El texto se va sembrando con detalles ocurrentes, que tanto al final del libro, como en su desarrollo nos harán sentir cierta sorpresa, mezclada con la sonrisa del que ha acertado en sus predicciones del desenlace.
Un círculo hecho de agobio se va cerrando alrededor del culpable. De pronto un giro inaudito hace que la narración acabe hecha añicos. Cuando parecía que se habían cerrado todas las salidas, de nuevo sale el sol para el responsable, que quizás hubiera preferido que todo acabara.

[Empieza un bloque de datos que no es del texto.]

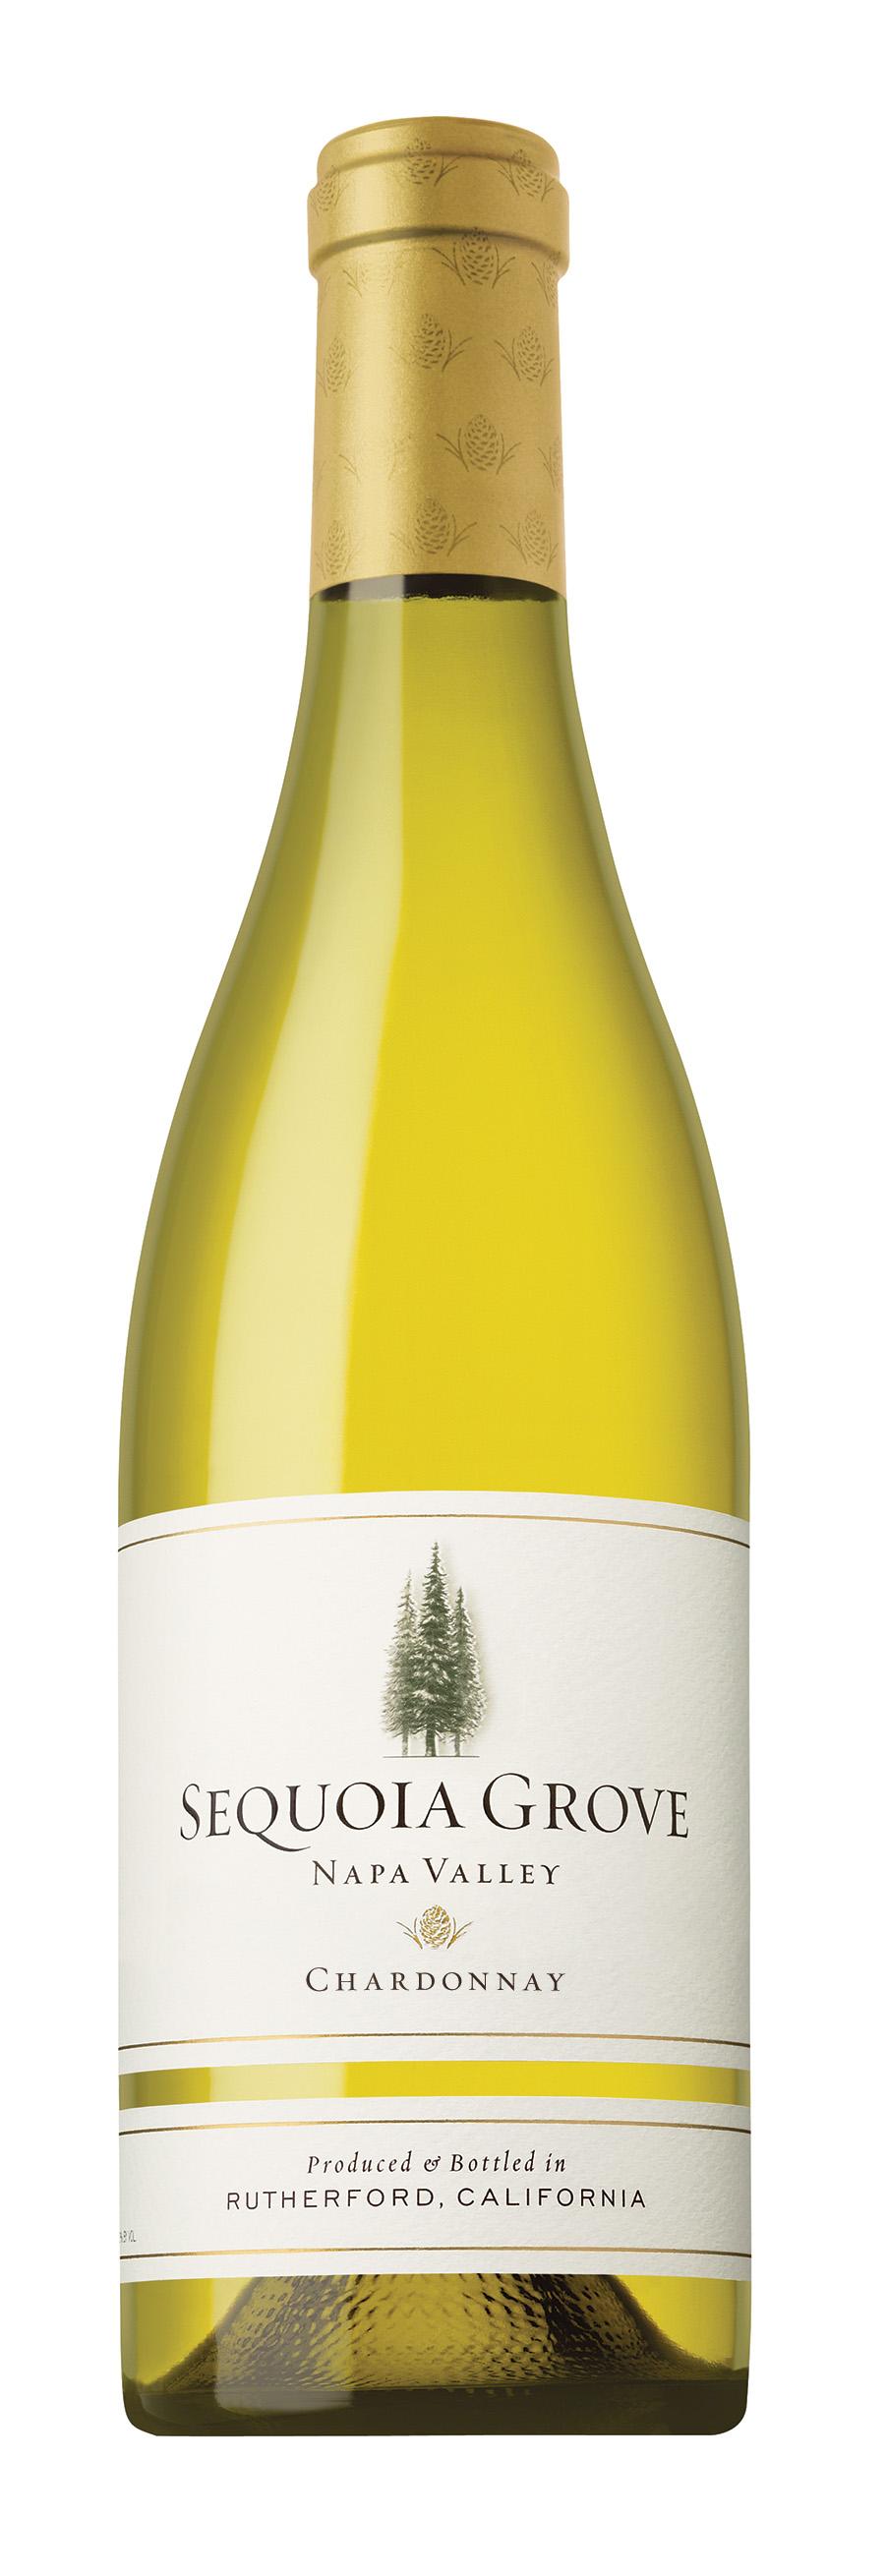 2013 Sequoia Grove Chardonnay Napa Valley

Han pasado 11 años. El tiempo ha ido marcando nuevas pautas. El autor va completando la obra con pequeños momentos de vida, es como si rellenara agujeros en un muro de piedra.
Hasta que damos contra otro nuevo giro, un hecho mínimo -irrisorio incluso-, pero de un gran efectismo, que se convierte en el paso hacia la tercera parte.
Lemaitre más que una novela de suspense, ha escrito un relato sobre las personas, juguetitos del destino.